DIRECTIONS FOR THIS TASK> Only the lines from the one with "Blusa informal De" through the end of the data below belong in the answer, restated word for word, pictures excluded.

DATA PROVIDED>

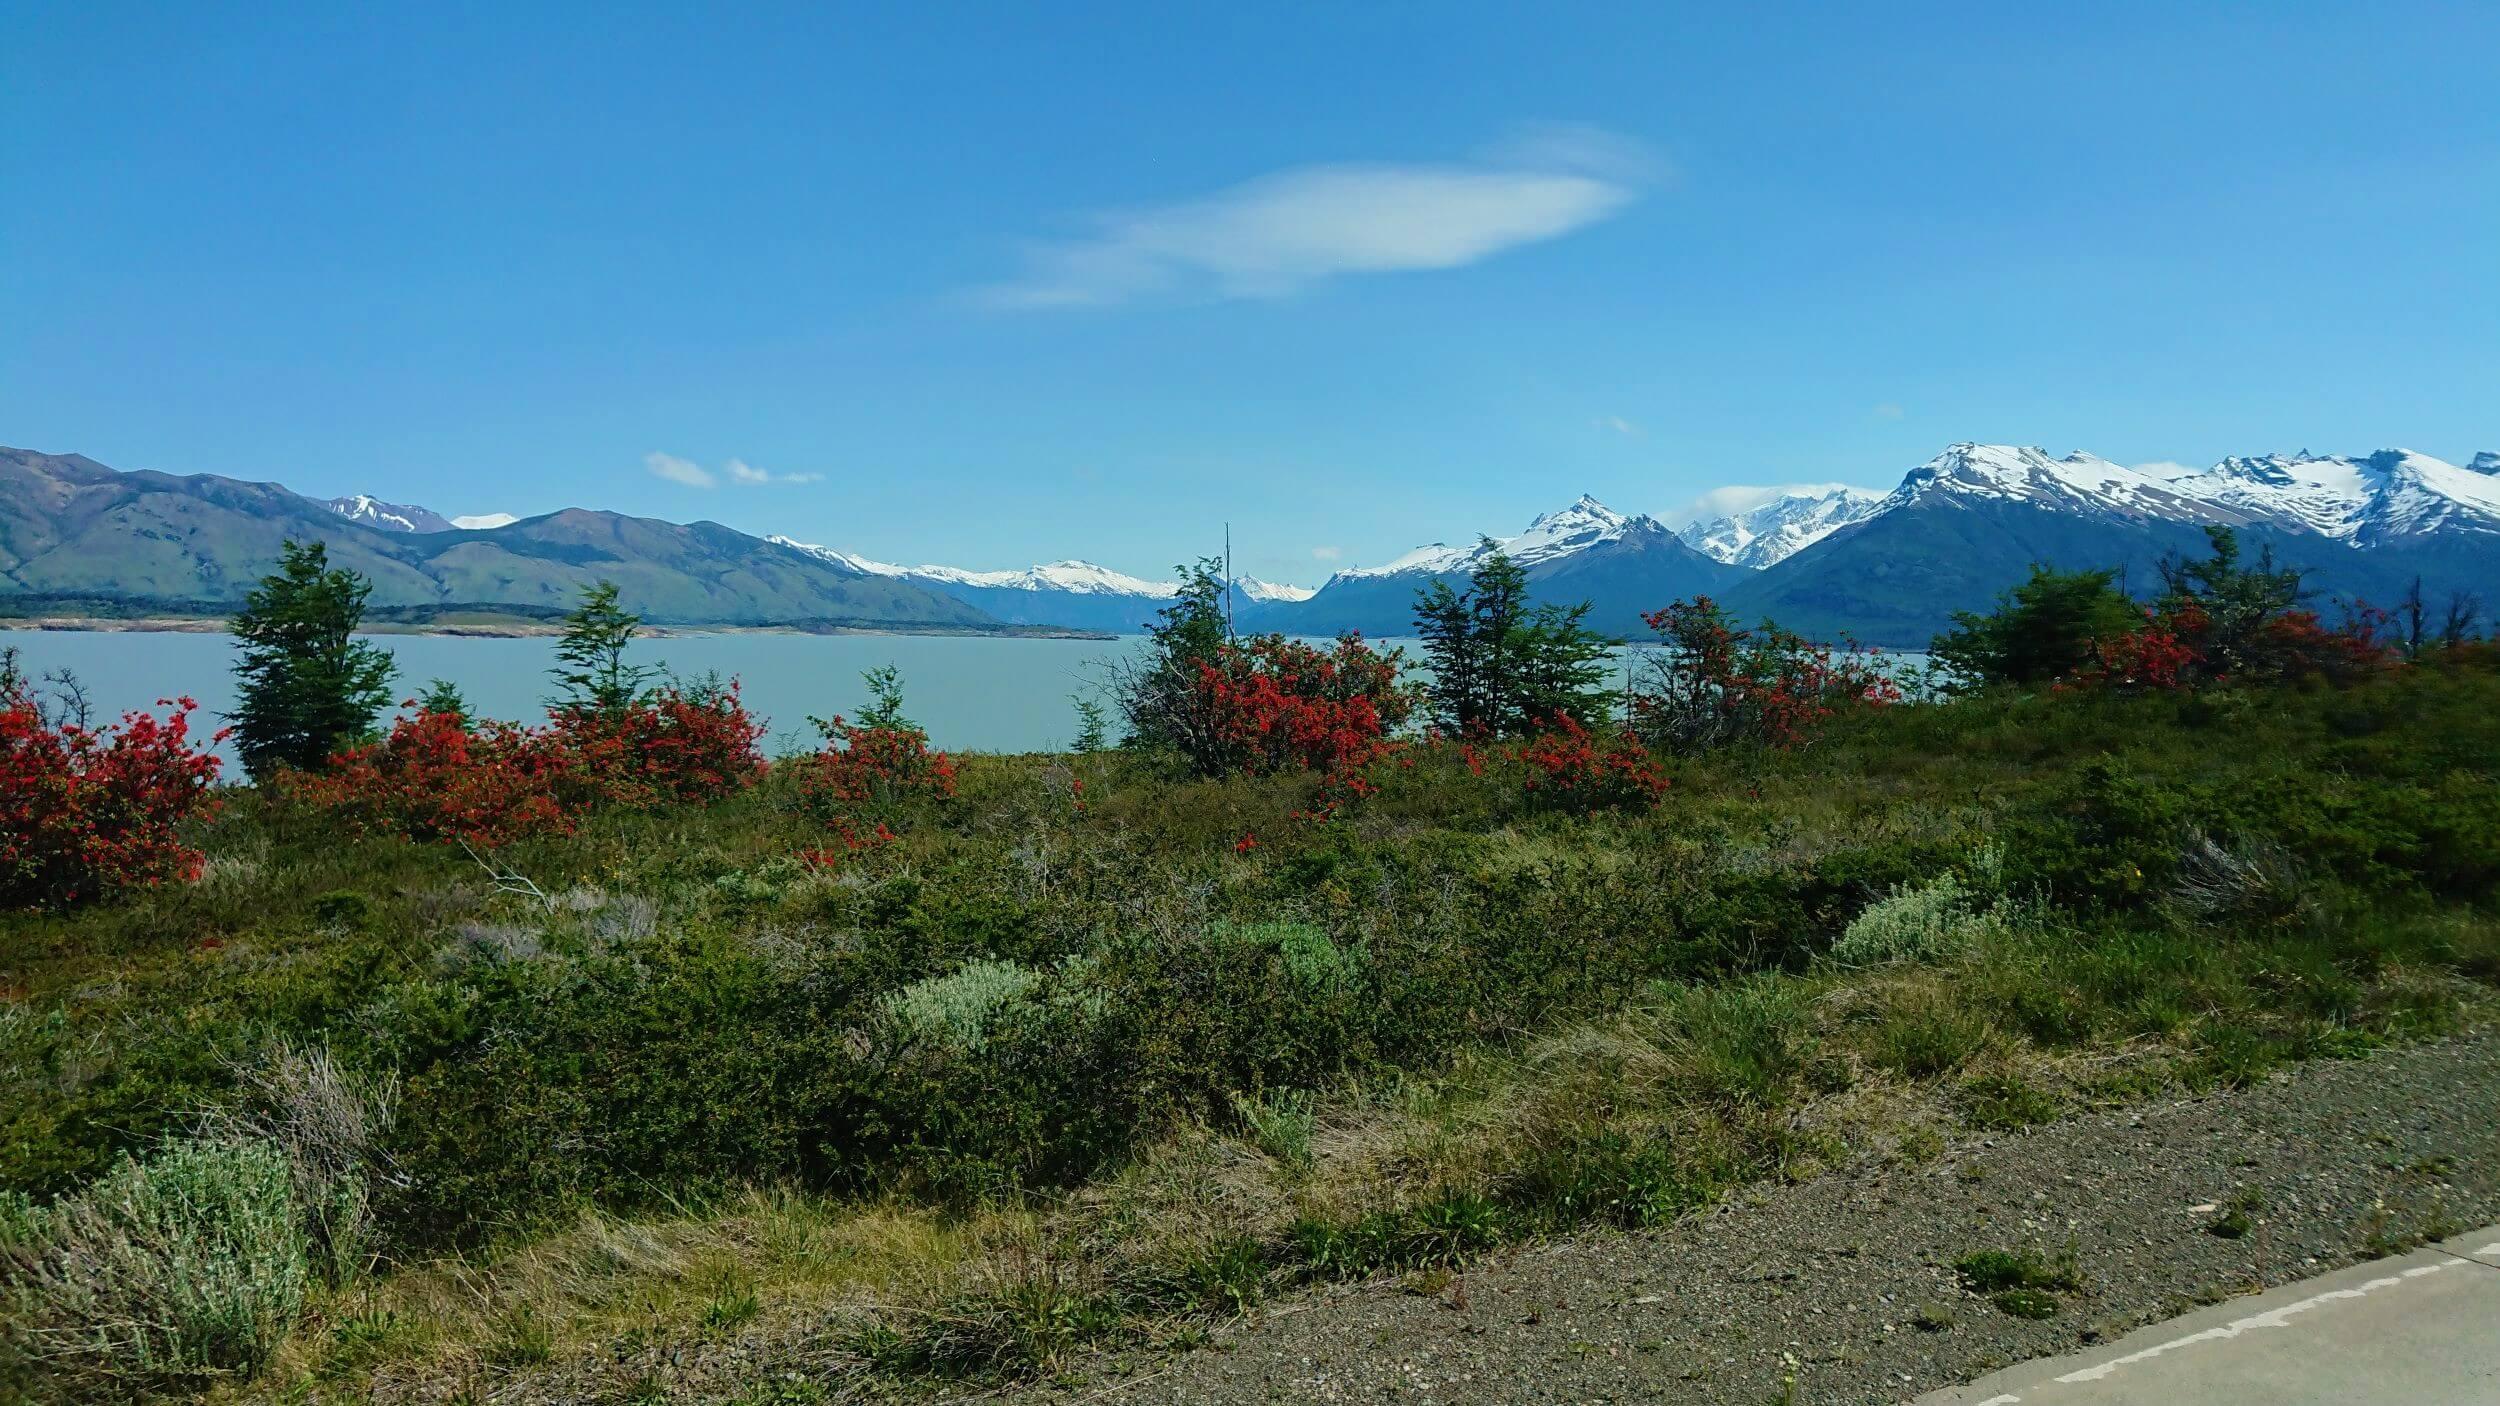 The Glaciers National Park
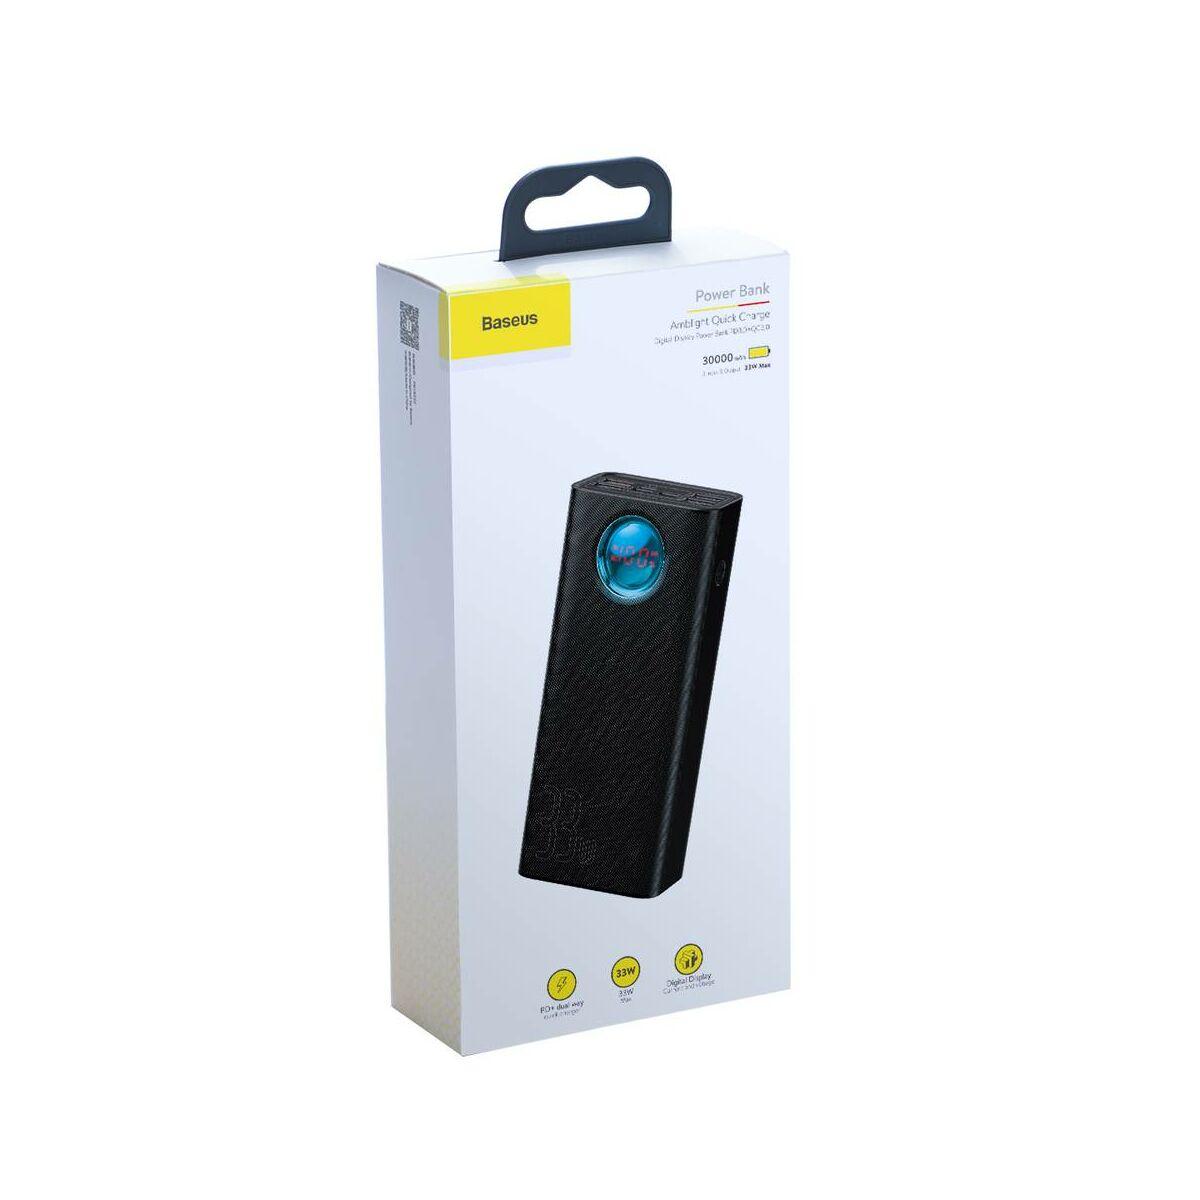 Baseus Power Bank Amblight LED kijelző PD3.0 QC3.0 4xUSB, 1xType-C 33W, 30000 mAh, fekete (PPLG-01)
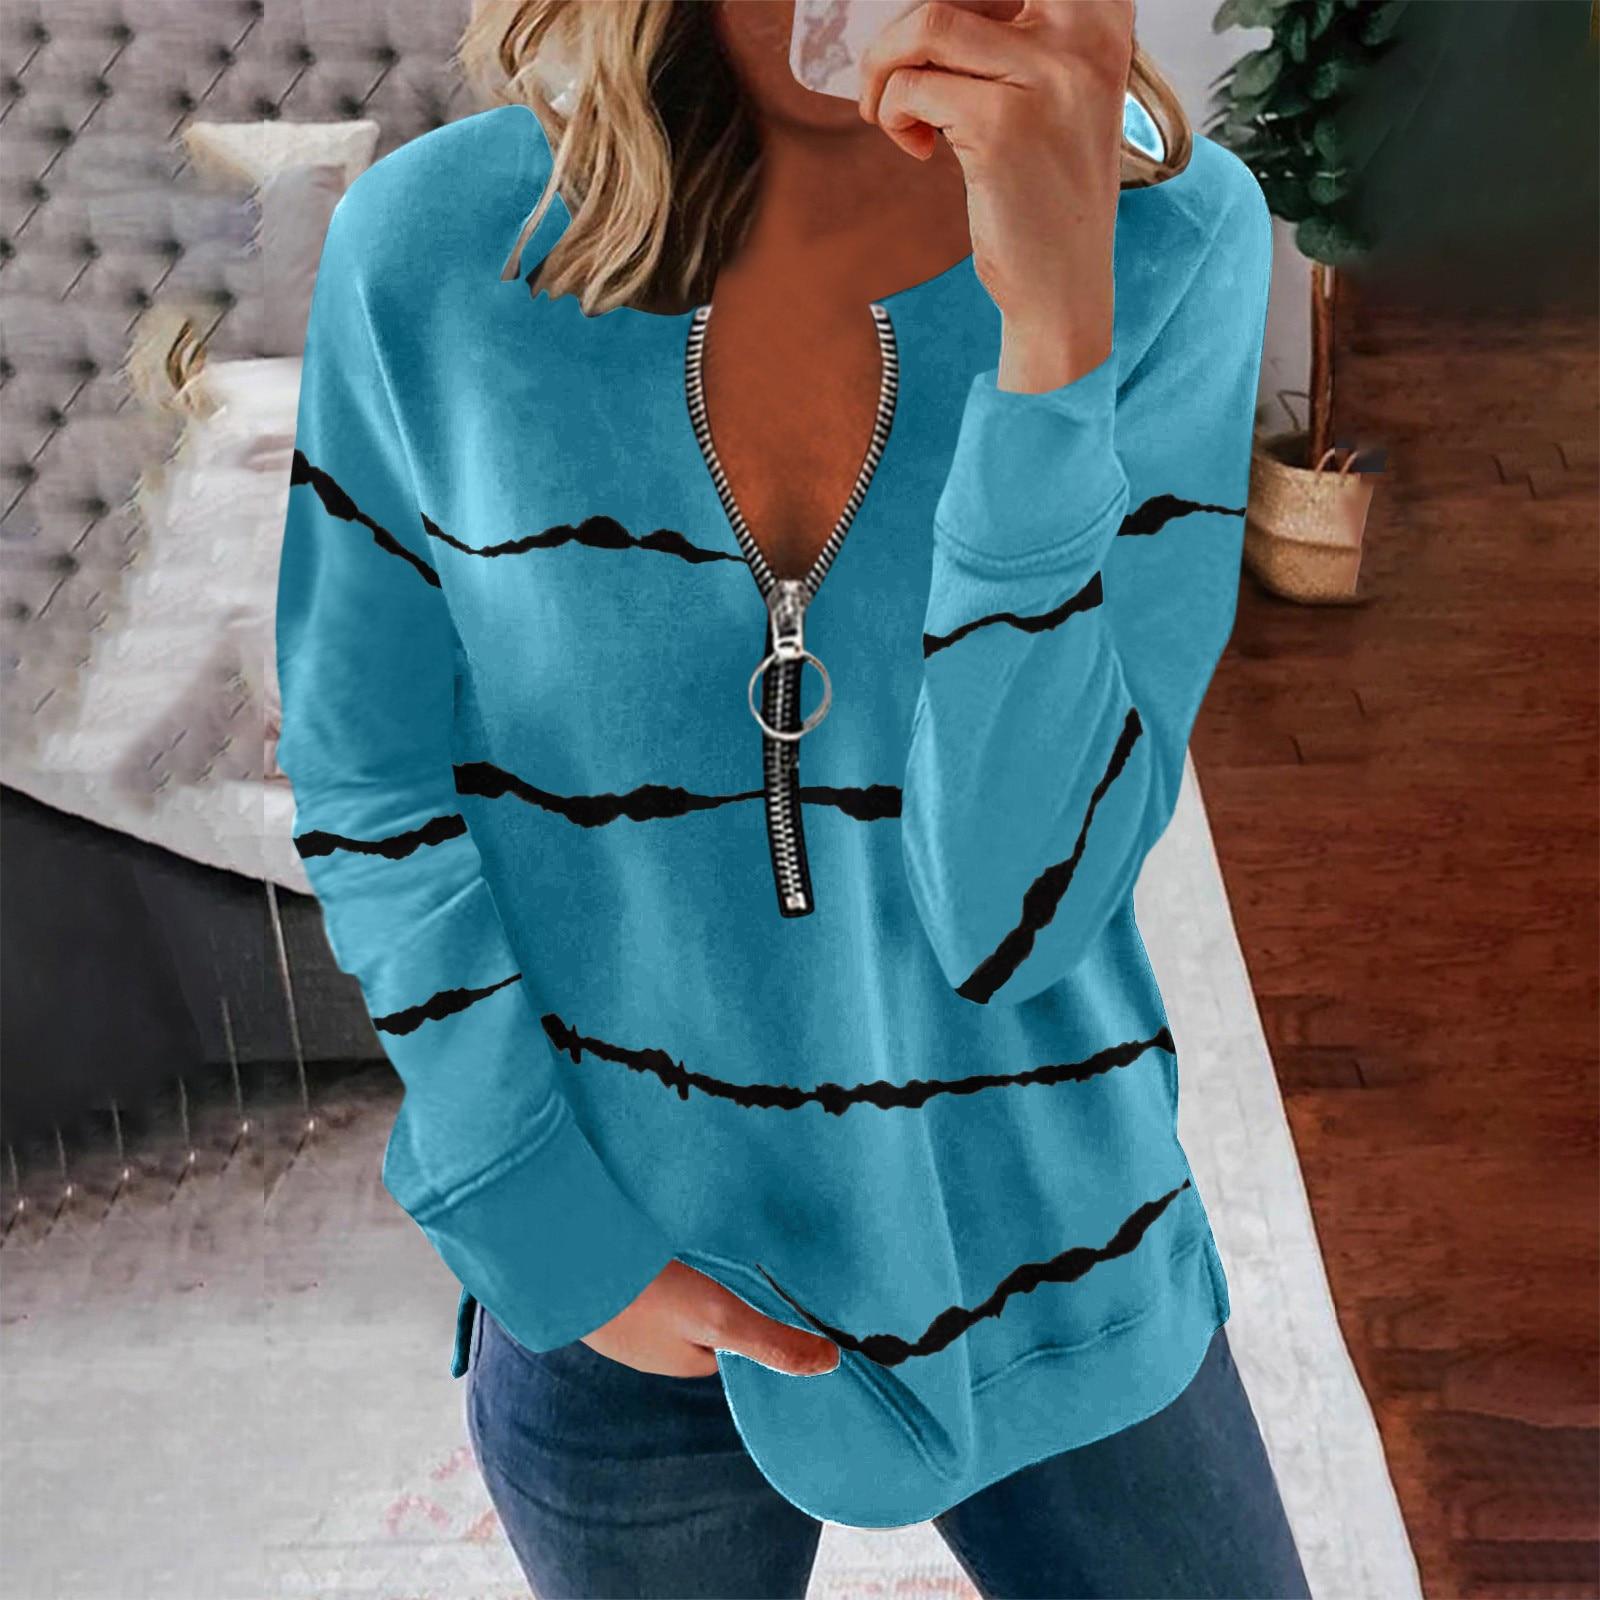 Blusa informal De manga larga con estampado a rayas para verano, camisa...
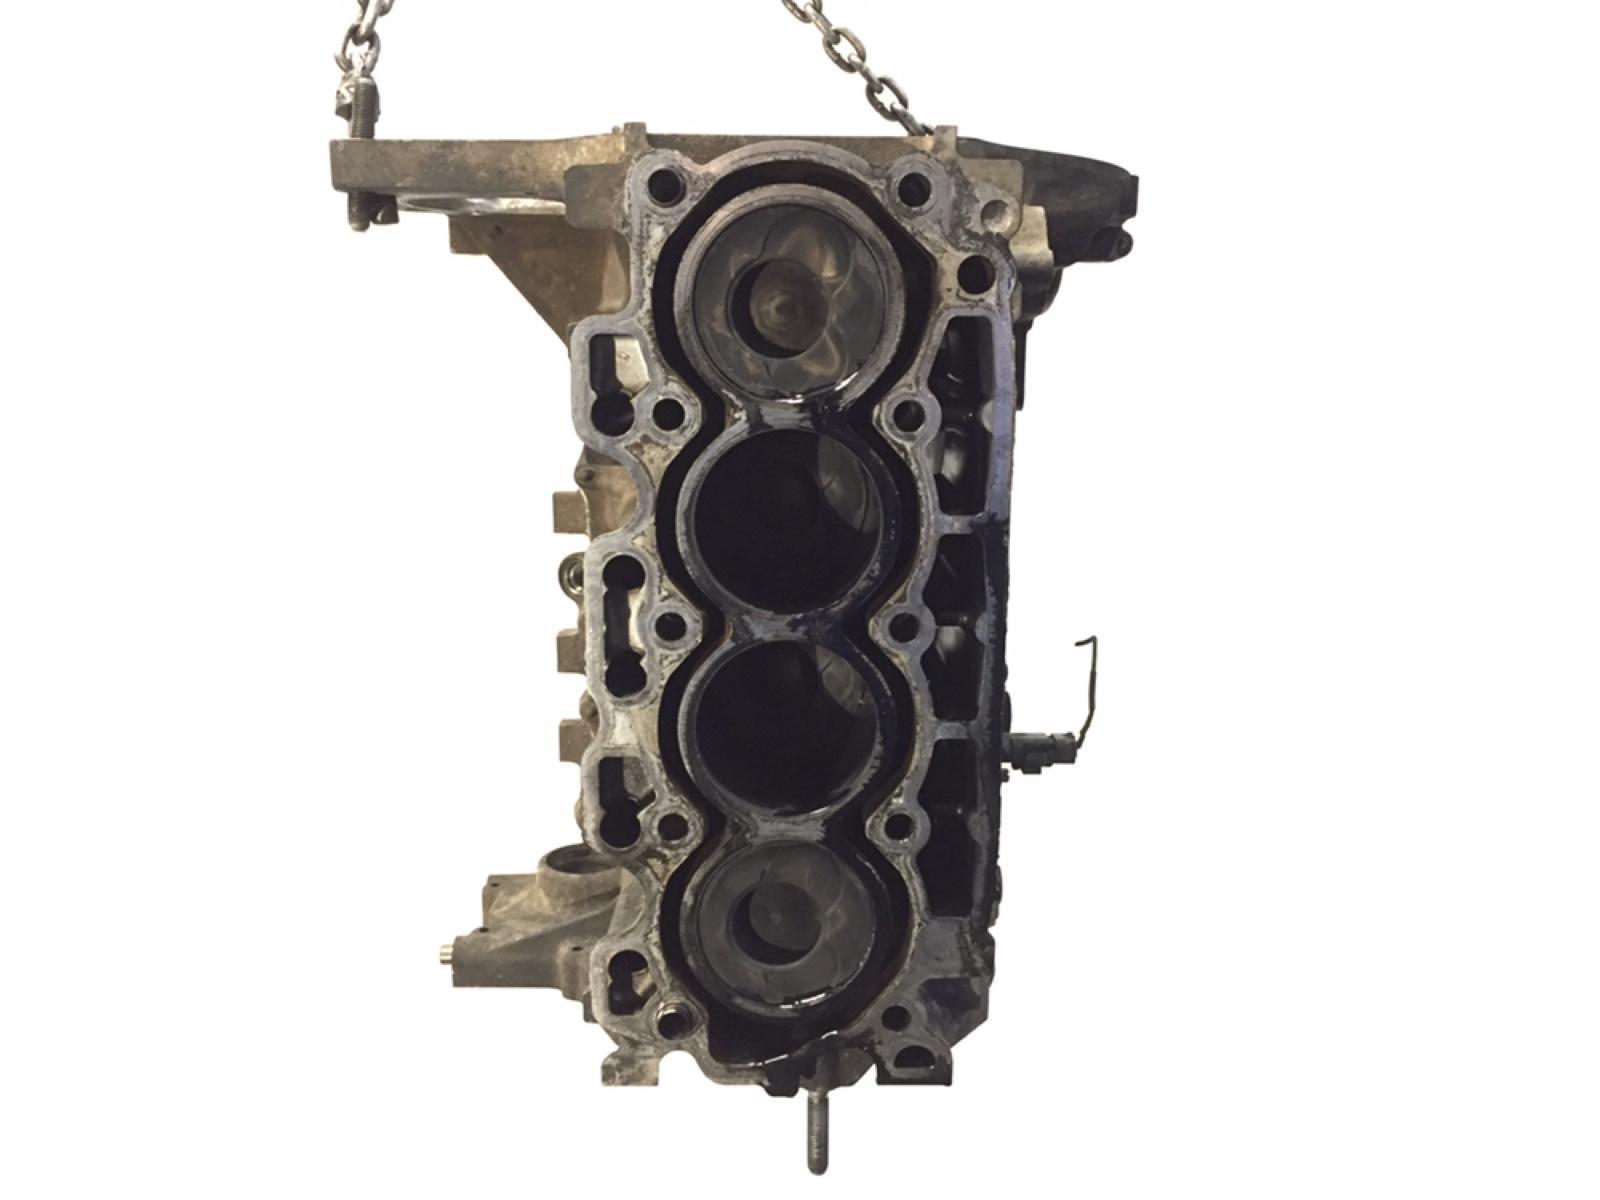 Блок цилиндров Peugeot 206 1.4 HDI 2003 (б/у)

REPLY>
 Blusa informal De manga larga con estampado a rayas para verano, camisa...
 Блок цилиндров Peugeot 206 1.4 HDI 2003 (б/у)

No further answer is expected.